### Raw data:
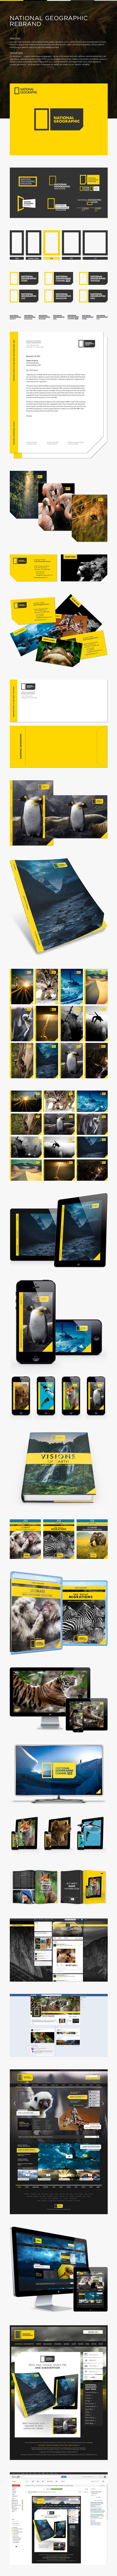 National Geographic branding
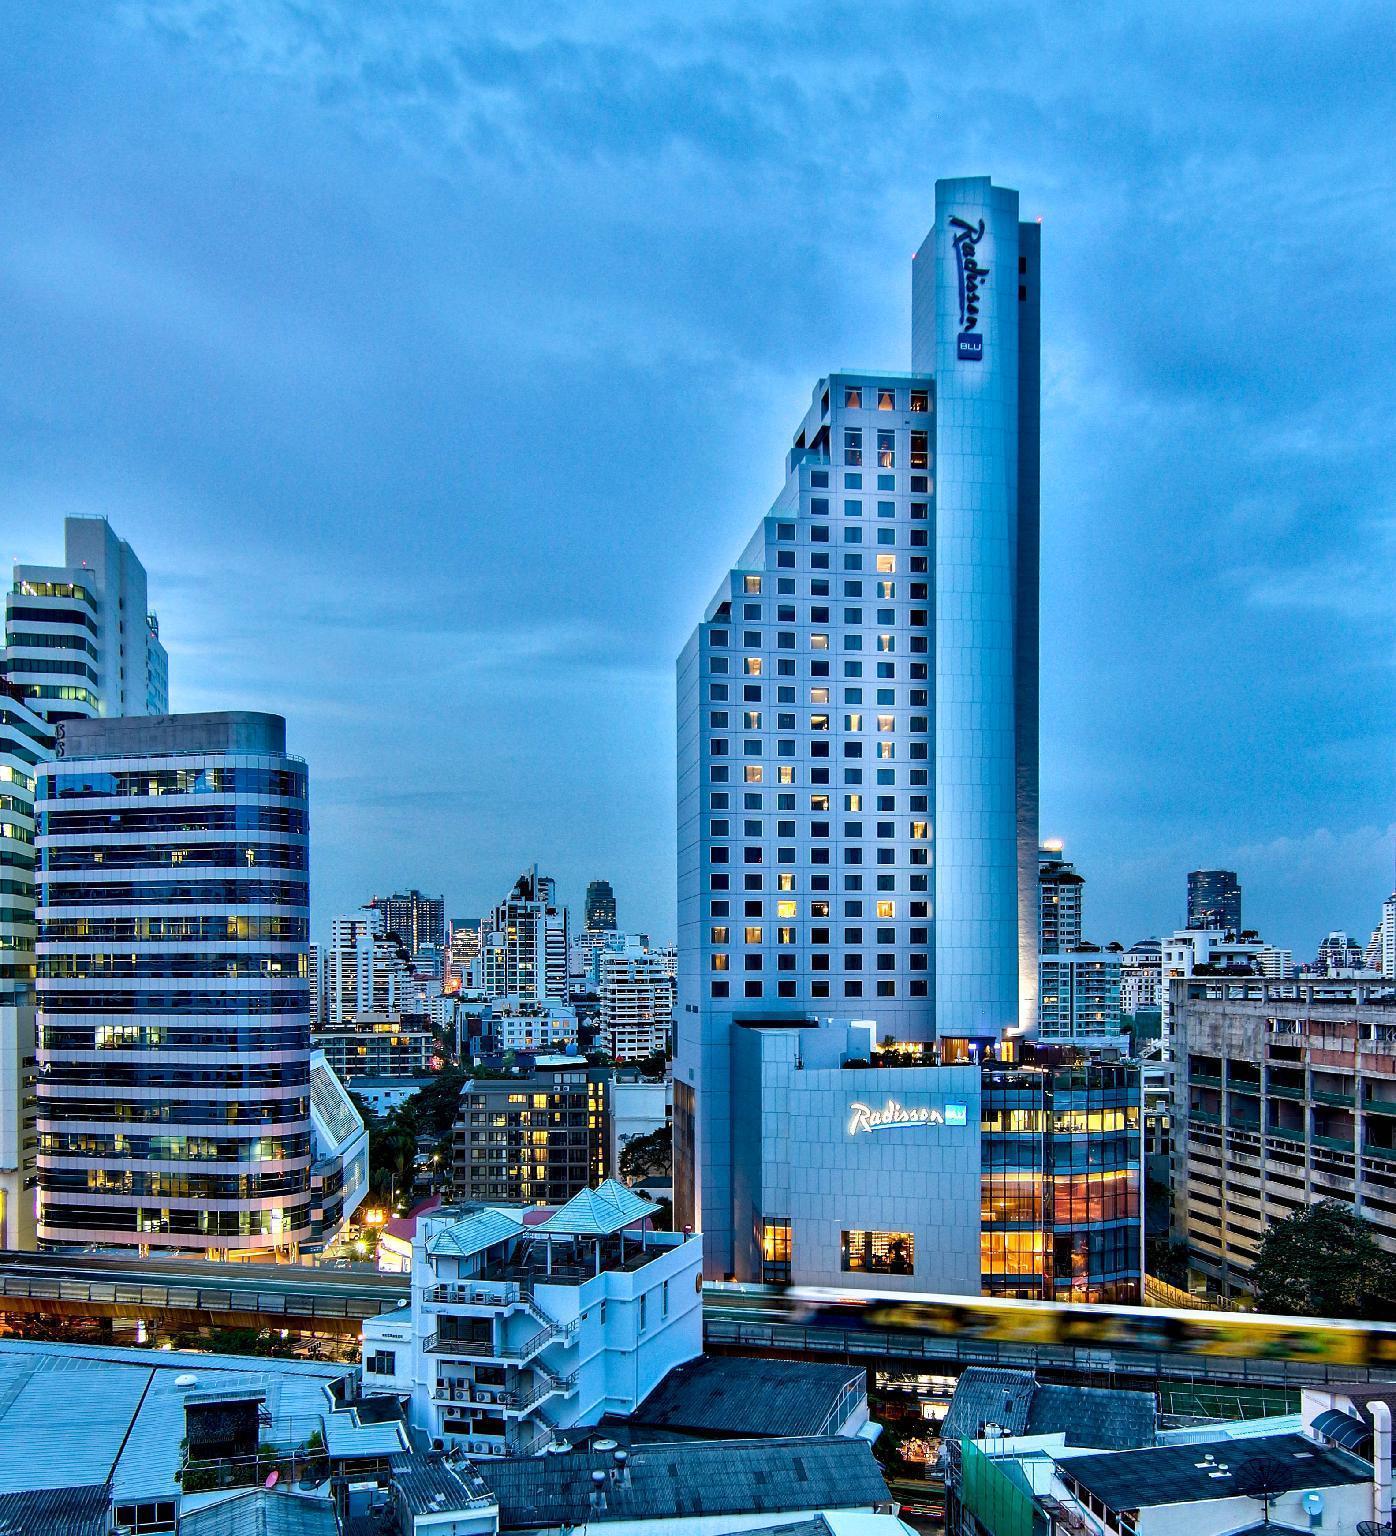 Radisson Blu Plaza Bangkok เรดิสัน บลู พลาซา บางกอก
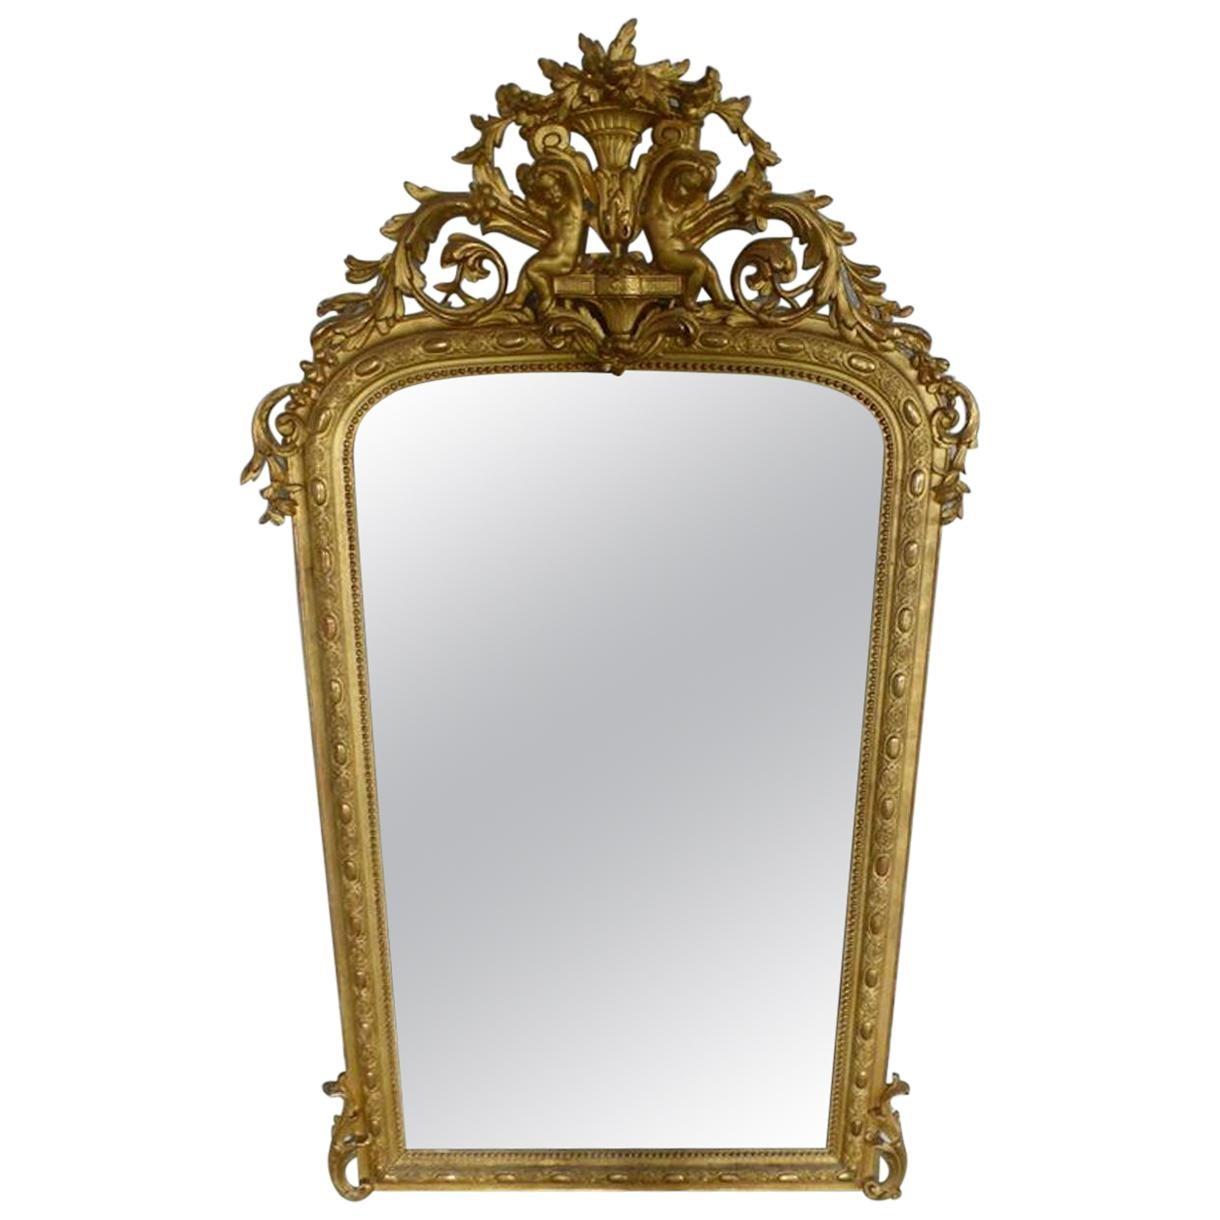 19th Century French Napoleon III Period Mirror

### Action item:
Your copy of the data above should match it exactly, apart from the images.

### Reply to the task:
 National Geographic branding
 Radisson Blu Plaza Bangkok เรดิสัน บลู พลาซา บางกอก
 19th Century French Napoleon III Period Mirror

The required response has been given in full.